A well-established reference for the properties of the positive phase from airblast experiments is the work by Kingery and Bulmash [4]. The most commonly used negative phase parameters seem to be those given in the traditional diagrams in [16]. However, there still seems to be some uncertainty regarding the representation and treatment of the negative phase of the pressure-time history. As already mentioned in Section 1.2.1, the literature contains three basic representations of the pressure-time history when modelling this phase, i.e., a bilinear approximation, an extended Friedlander equation based on the waveform of the positive phase and a cubic representation. Rigby et al. [30]

reviewed these methods and found that bilinear and cubic approximations resulted in the best agreement with experimental data. Before simulating all the 0.8-mm-thick plates in Table 3.1 it was therefore decided to perform a parametric study on the effect of bilinear and cubic representations on the dynamic response. Based on the findings in this parametric study it is carried out numerical simulations of the blast-loaded plates. The numerical model is first validated against the experimental data in Chapter 3, before performing a numerical study to determine the governing parameters for the observed RSB.

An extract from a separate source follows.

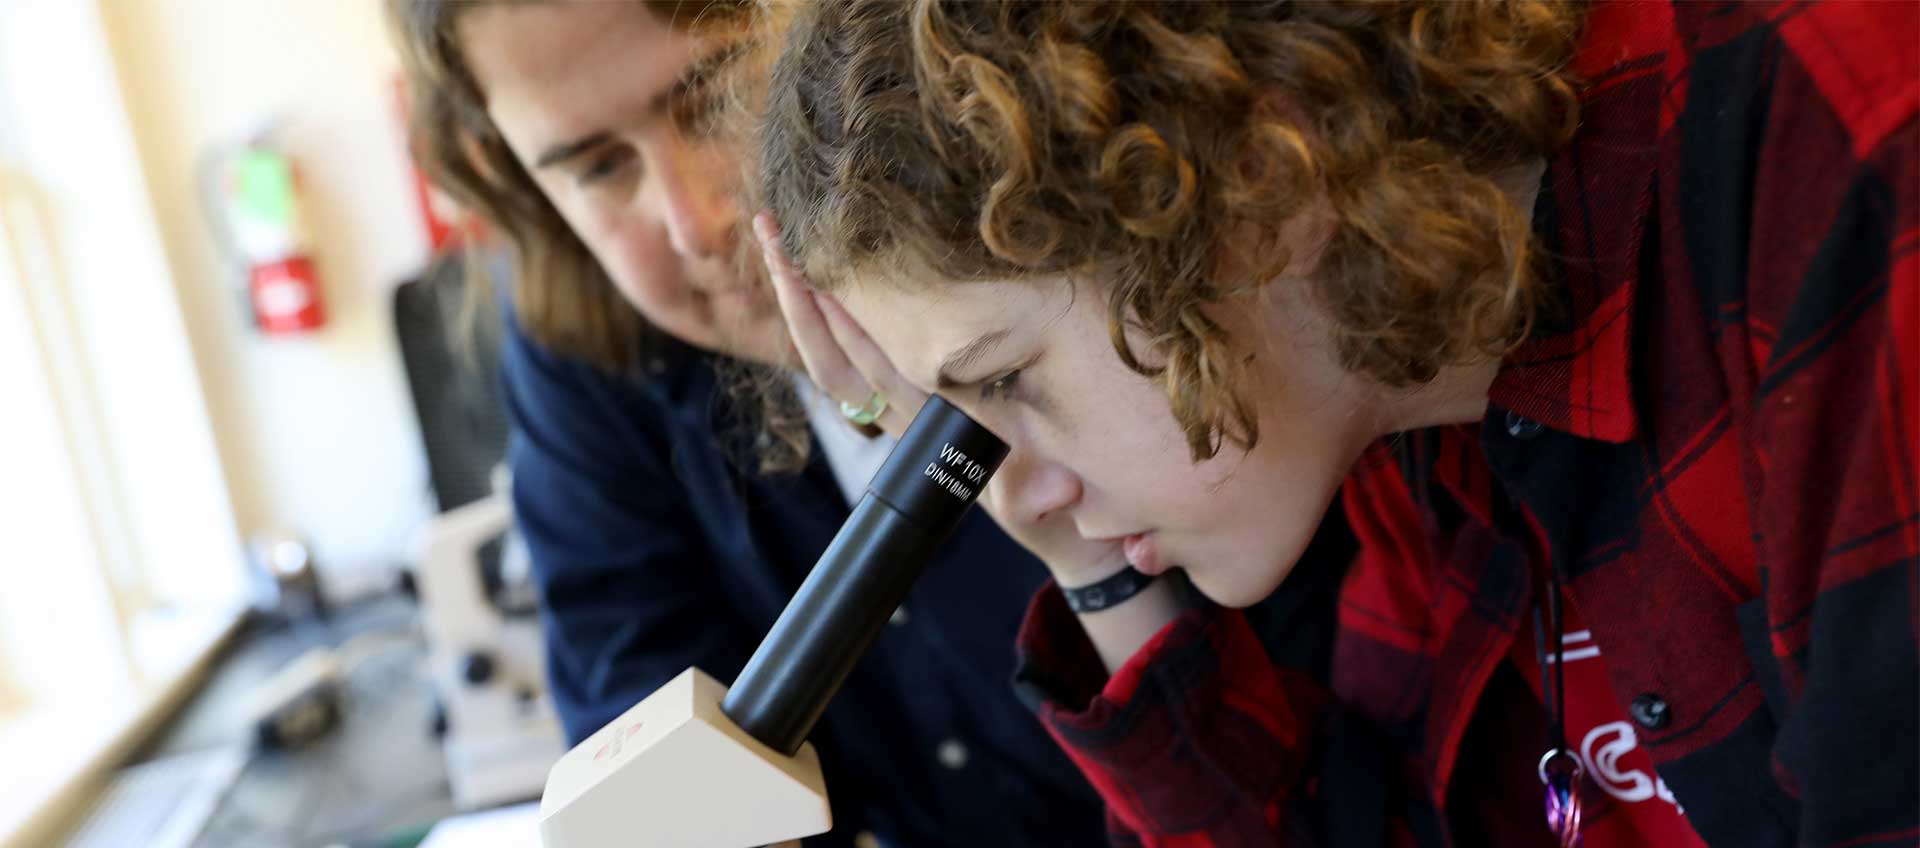 A student and teacher use a microscope in the science lab

Special focus is placed on the influence of elastic effects and negative phase on the structural response. The capabilities of the Cockcroft-Latham (CL) failure criterion and element erosion in predicting the crack patterns observed in the experiments are also evaluated. Due to trigger problems and flaking of the paint at the centre part of the plate in some of the tests, 3D-DIC analyses were only possible in 13 out of the 21 experiments conducted. The displacement histories reported in this section are therefore limited to the tests where 3D-DIC analyses were possible. However, the tests showed good repeatability and the reported results are considered to be a good representation of the experimental observations. All deformation profiles presented herein were corrected for the slight movement of the mounting frame during the tests.